ErrorDocument 404 /index.php?error=404
 
Options All -Indexes

[edited by: jdMorgan at 3:32 am (utc) on May 31, 2008]
[edit reason] No URLs, please. See Terms of Service. [/edit]

jdMorgan

4:56 pm on May 30, 2008 (gmt 0)

WebmasterWorld Senior Member

10+ Year Member

"A user tried to go to http://example.com/local-honey-allergy-remedy/images/printericon.gif and received a 404 (page not found) error. It wasn't their fault, so try fixing it."

I hope you're not paying attention to the "it wasn't their fault" part of this message...

There's nothing in the code you posted that is going to work "only some of the time." The code is correct in all ways that matter, and will either always work or never work - depending only on whether mod_rewrite is enabled on this server.

The only minor errors I see are a missing esacpe on the literal period in the hostname pattern, an unnecessary RewriteBase directive, and two regex tokens that could be removed.

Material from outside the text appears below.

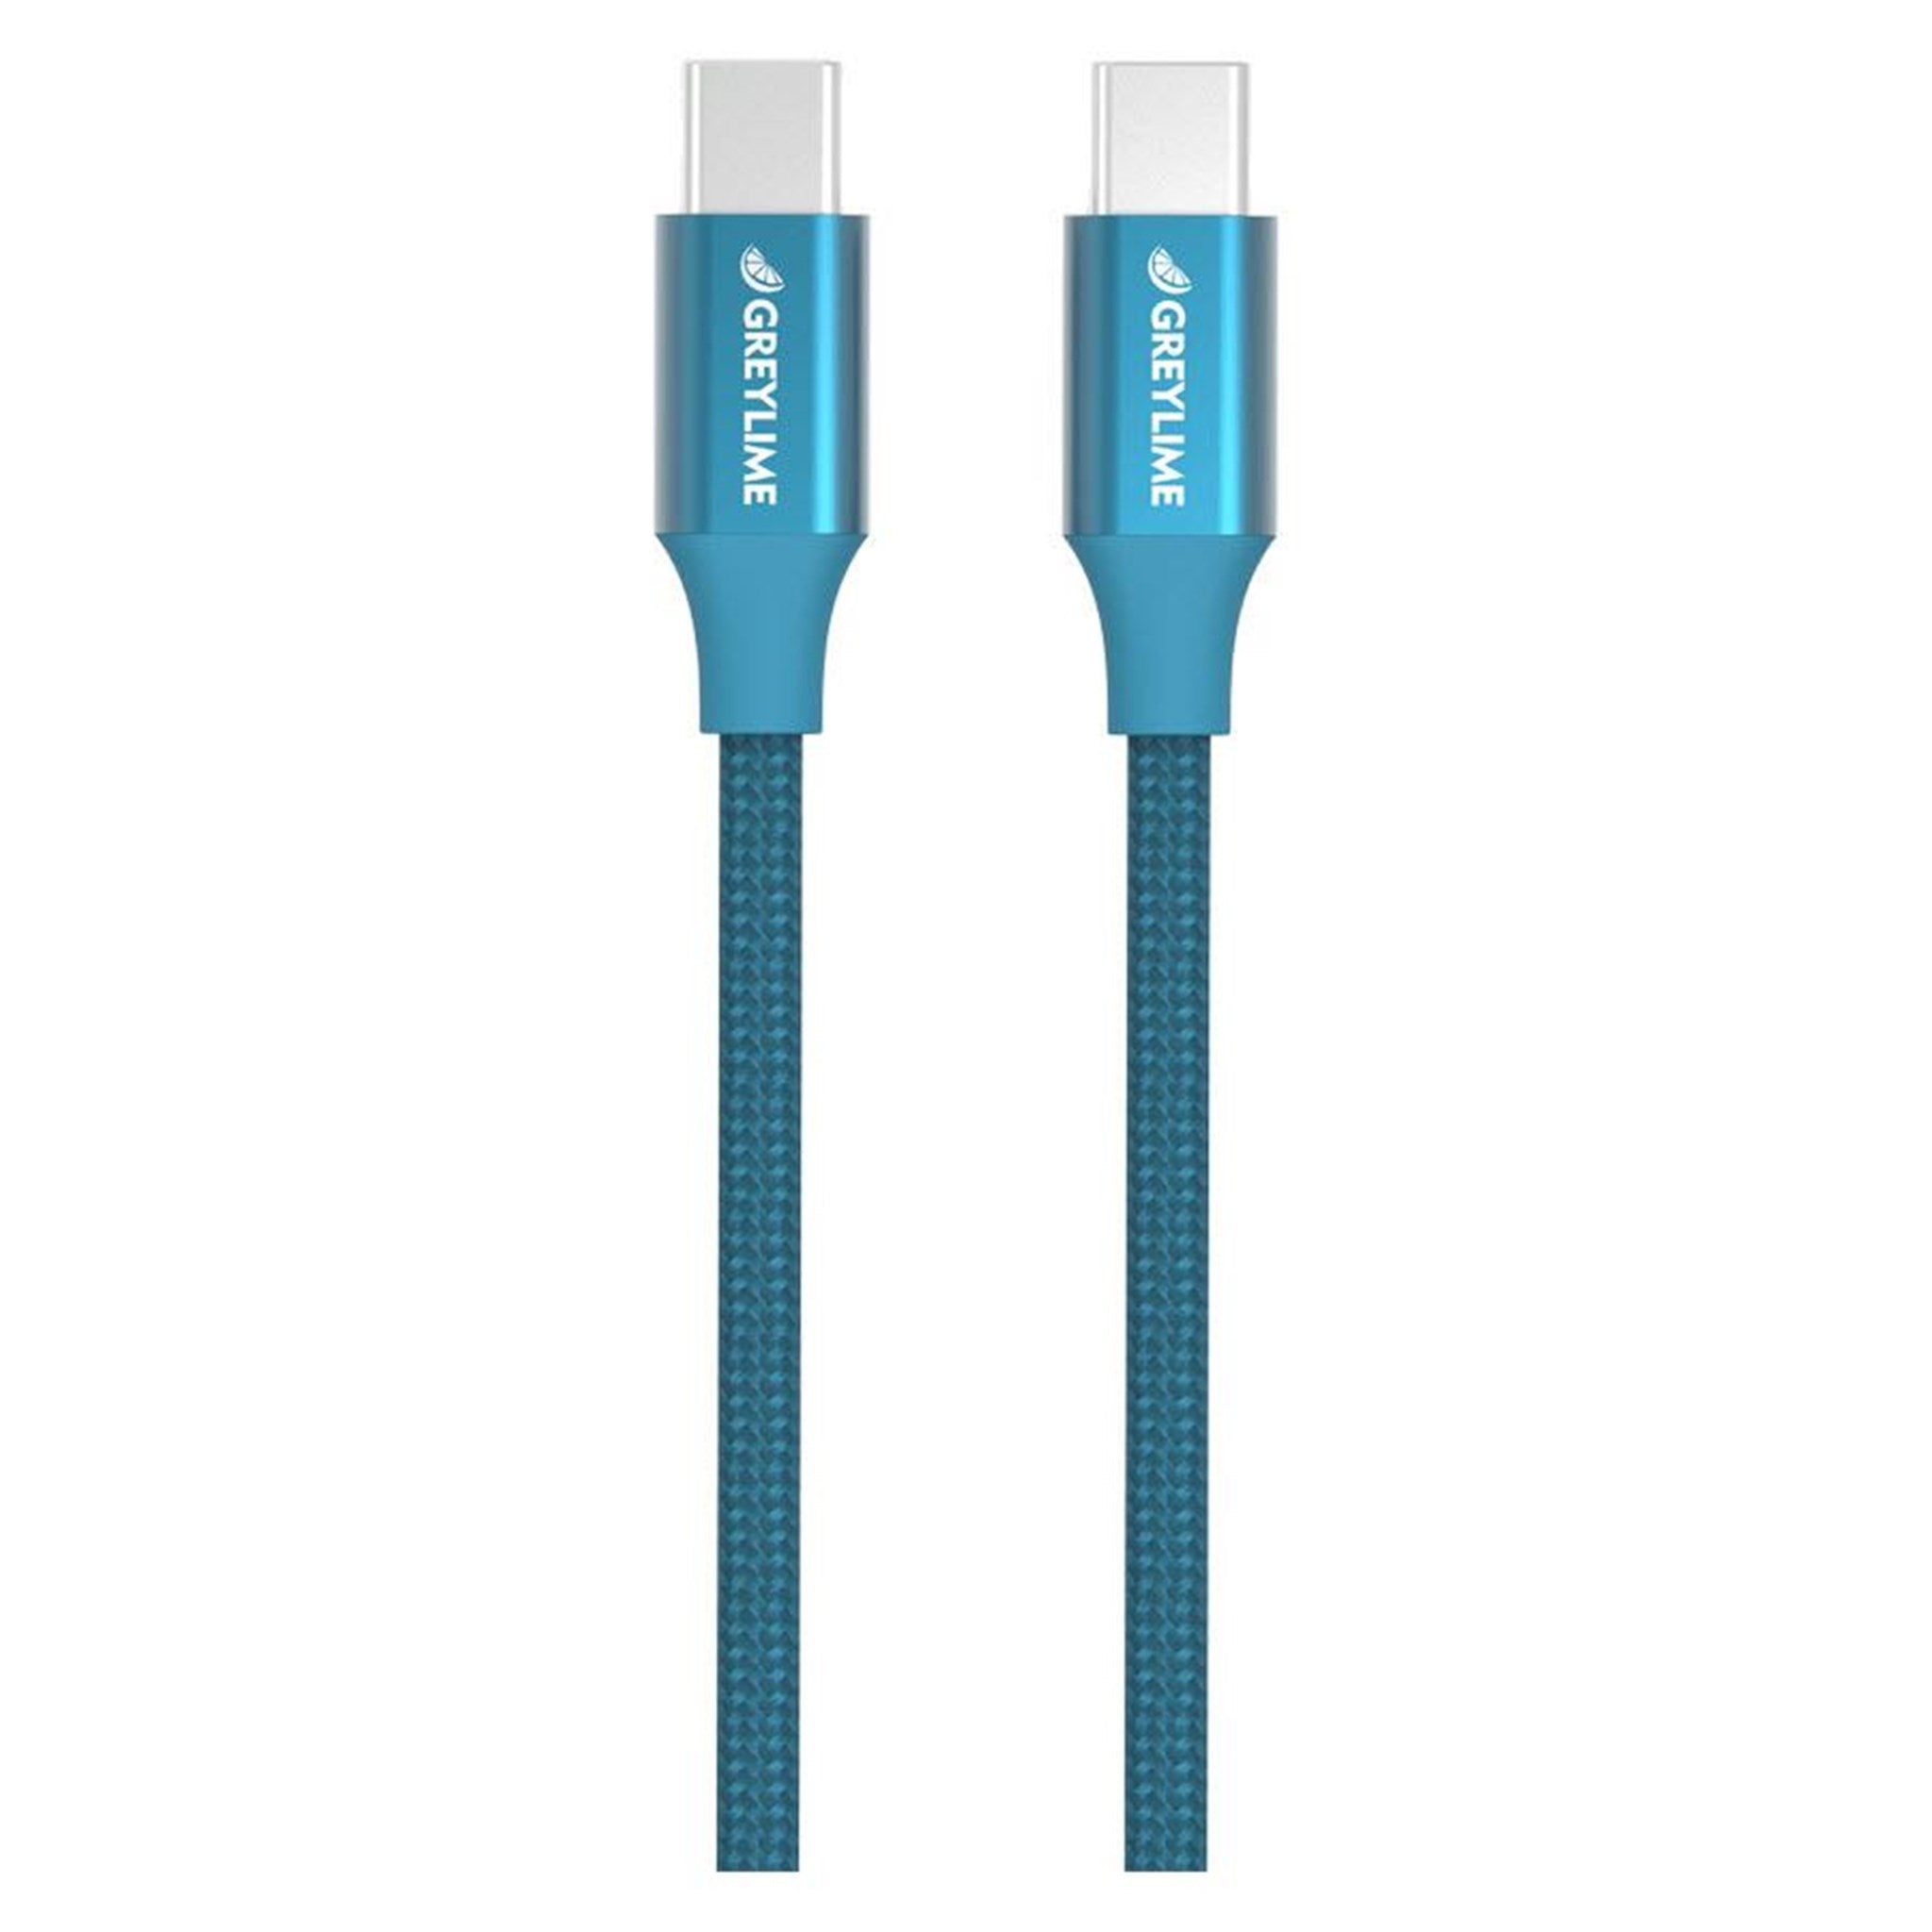 Billede af GreyLime Braided USB-C til USB-C Kabel Blå 1 m hos GreyLime
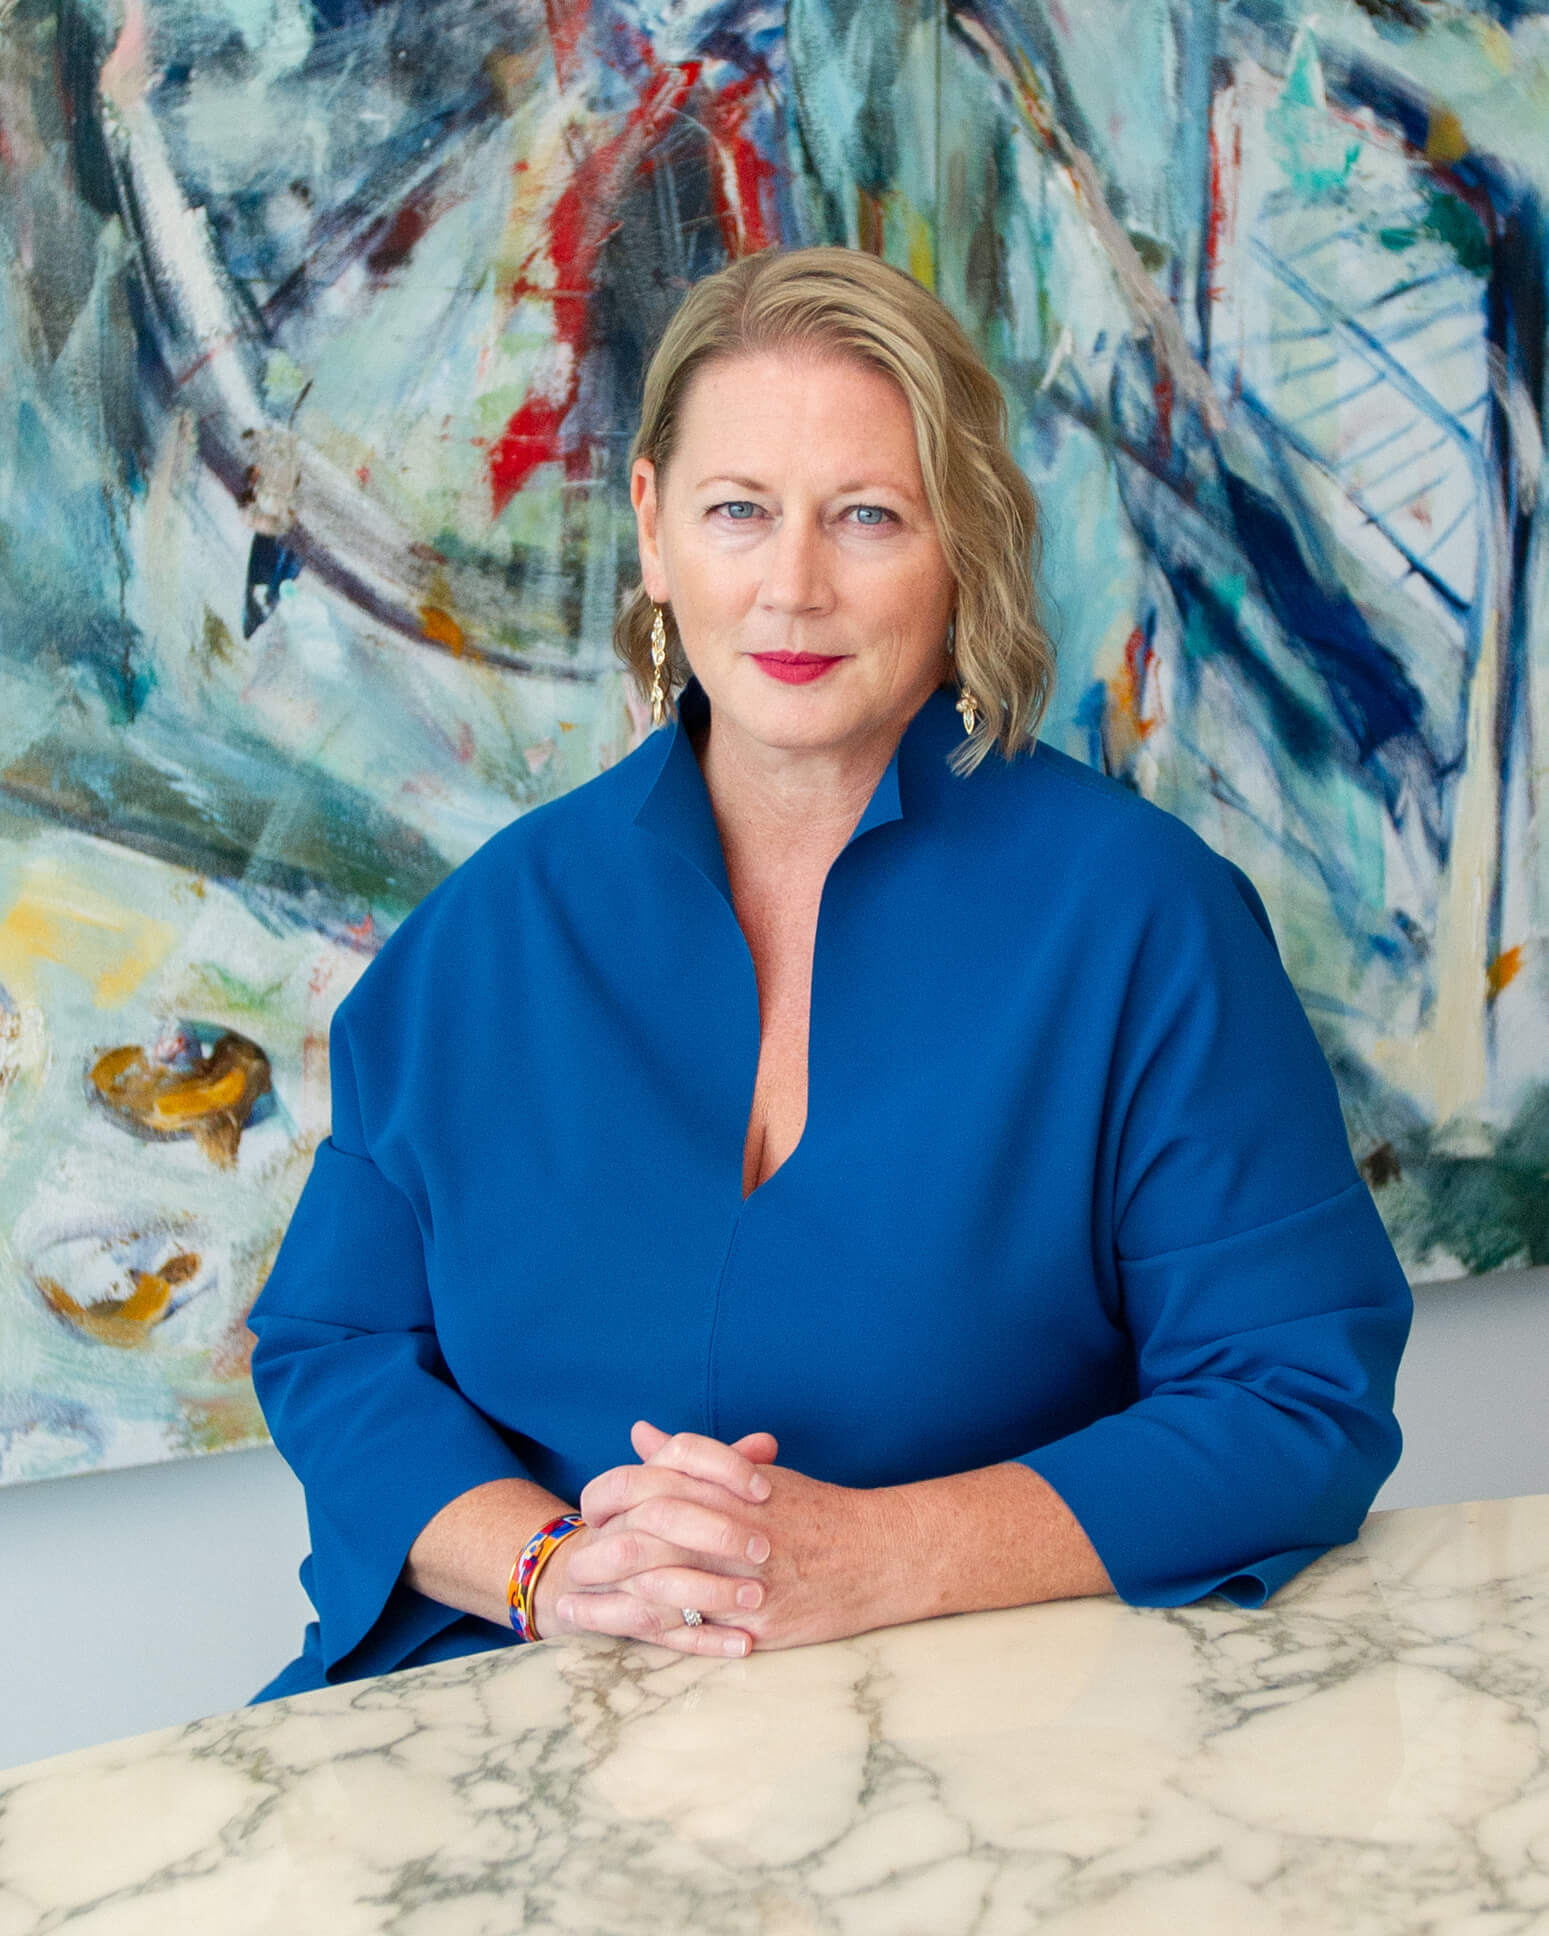 Kopfschuss von CEO Virginia Devlin. Sie hat schulterlanges blondes Haar, blaue Augen und trägt ein blaues Oberteil, sie sitzt vor einer bunt gemusterten Wand.

The following RewriteRule should function identically to what you have there:


RewriteEngine on
RewriteCond %{HTTP_HOST} !^example\.com$ [NC]
RewriteRule (.*) http://example.com/$1 [L,R=301]

But none of this makes any difference to your problem.

It is more likely that these requests are coming from badly-coded scraper robots or from users trying to 'explore' the directory structure of your site, perhaps to find your image library for a mass-copy operation. A look at your server's raw log files and analysis of those users' transactions should determine whether this is the case.

If it's not malicious/suspicious user activity, then you may have a problem with WP or its database.

Jim

braiiins

5:39 pm on May 30, 2008 (gmt 0)

10+ Year Member

Ha, yes, I know it's not their fault. When I said "I assume it is from one viewer," I meant that only one viewer at a time is getting the error messages. I don't think that it is malicious (well, I hope not), just because the errors that come in at one time are all from the same page (the ones that came in with the first one I listed were all from the same post, all trying to load images from an image file which does not exist in the root).

The logs do show bots, but the ones I recognize as bots seem legit (GoogleBot, Yahoo Slurp, HostTracker). There are some logs I'm not sure of:

84.16.233.*** - - [30/May/2008:05:16:47 -0700] "GET /local-honey-allergy-remedy/trackback/ HTTP/1.1" 302 5 "-" "-"

There are a few that have no info like that one.

And it's the weirdest thing, my 404 error logs are showing an error for pretty much everything (although the viewer is not getting an error, and I am not getting the error emails)... "[Fri May 30 10:36:37 2008] [error] [client 69.89.31.210] File does not exist: /home/focusorg/public_html/green-car-insurance/"

I know for a fact it does exist (it is a post I just made a few minuts ago), as does pretty much everything that is showing up in the error logs...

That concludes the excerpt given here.